Exercise directions - Transcribe nothing except the lines below that run from the one with "Close-up of Golden" to the one with "2017-2018年全国大众单板滑雪平行大回转系列-松花湖站", ends included, and do not copy any picture.

Available data -
===

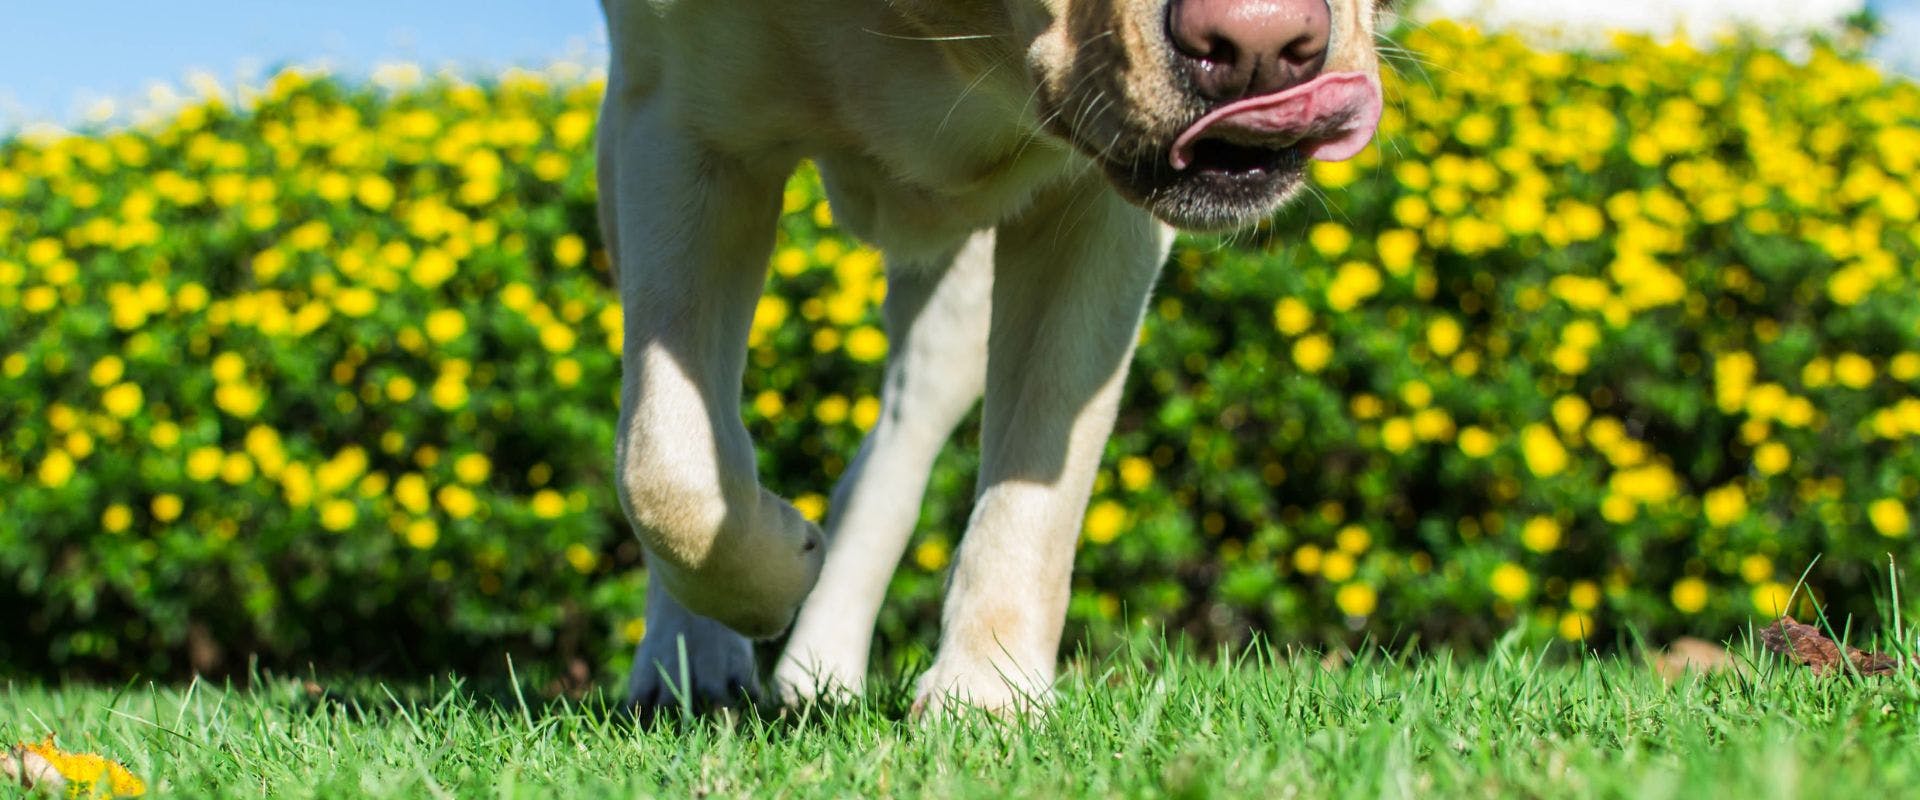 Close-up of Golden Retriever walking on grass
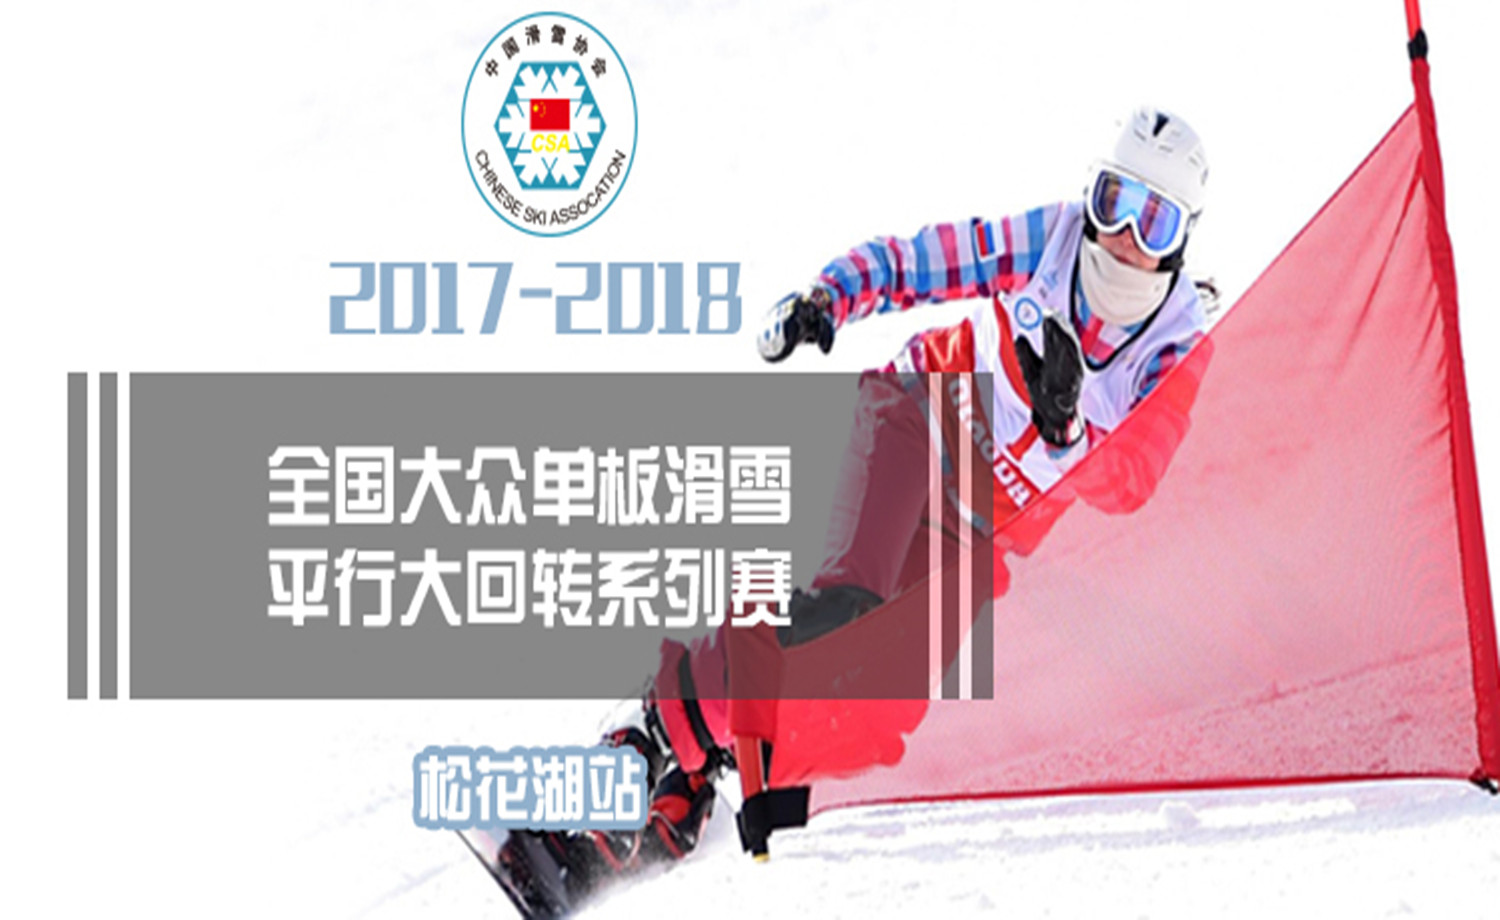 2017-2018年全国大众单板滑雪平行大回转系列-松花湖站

===

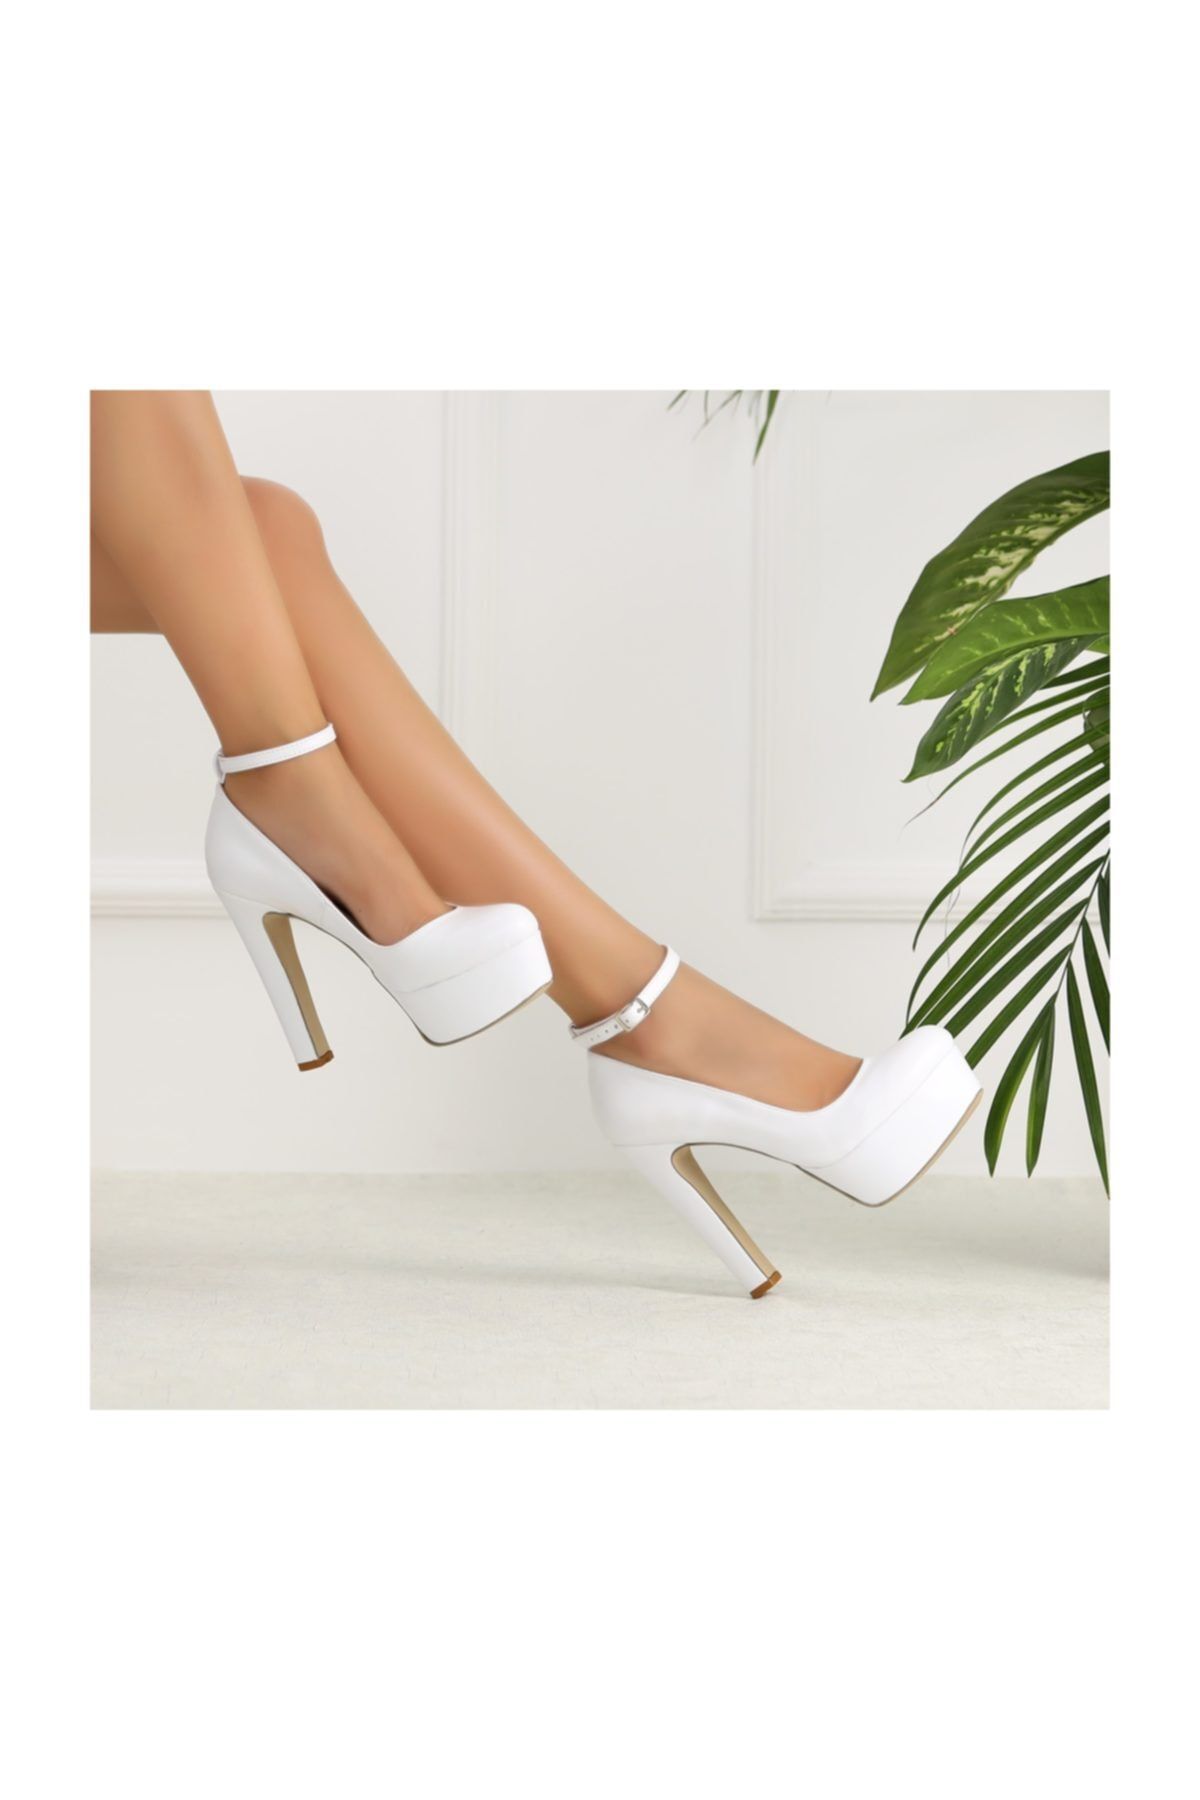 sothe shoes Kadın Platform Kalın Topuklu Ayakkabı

===

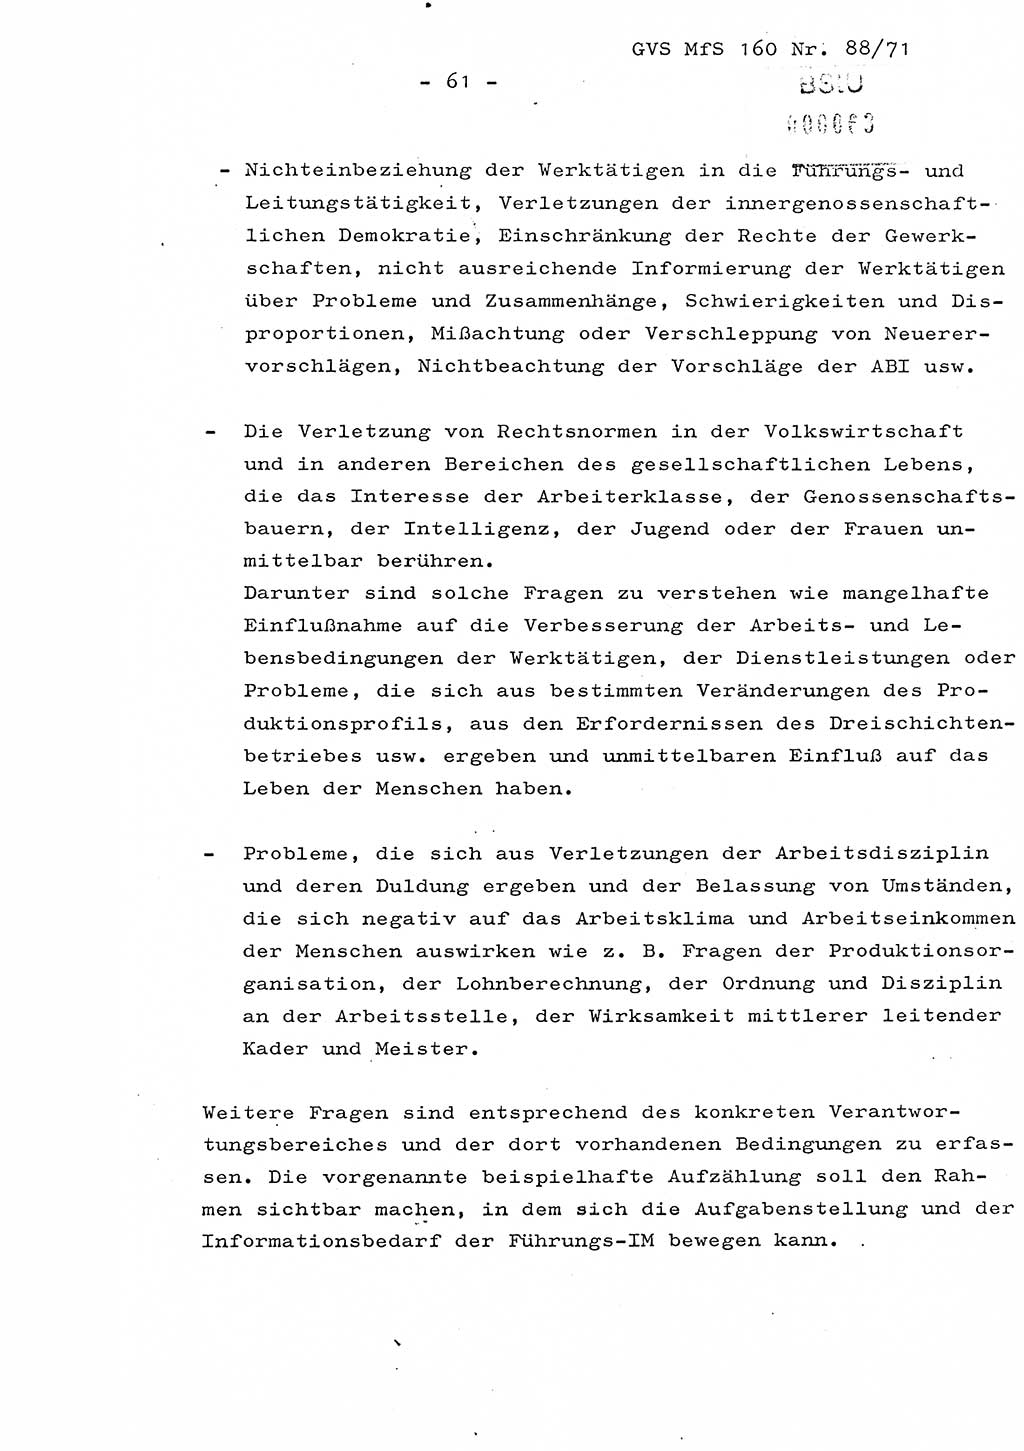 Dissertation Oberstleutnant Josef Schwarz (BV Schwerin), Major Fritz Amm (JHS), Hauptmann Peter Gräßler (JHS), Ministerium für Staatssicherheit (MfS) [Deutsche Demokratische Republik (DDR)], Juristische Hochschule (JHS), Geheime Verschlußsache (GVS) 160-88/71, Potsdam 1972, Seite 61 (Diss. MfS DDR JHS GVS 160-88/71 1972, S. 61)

===

Finished task -
 Close-up of Golden Retriever walking on grass
 2017-2018年全国大众单板滑雪平行大回转系列-松花湖站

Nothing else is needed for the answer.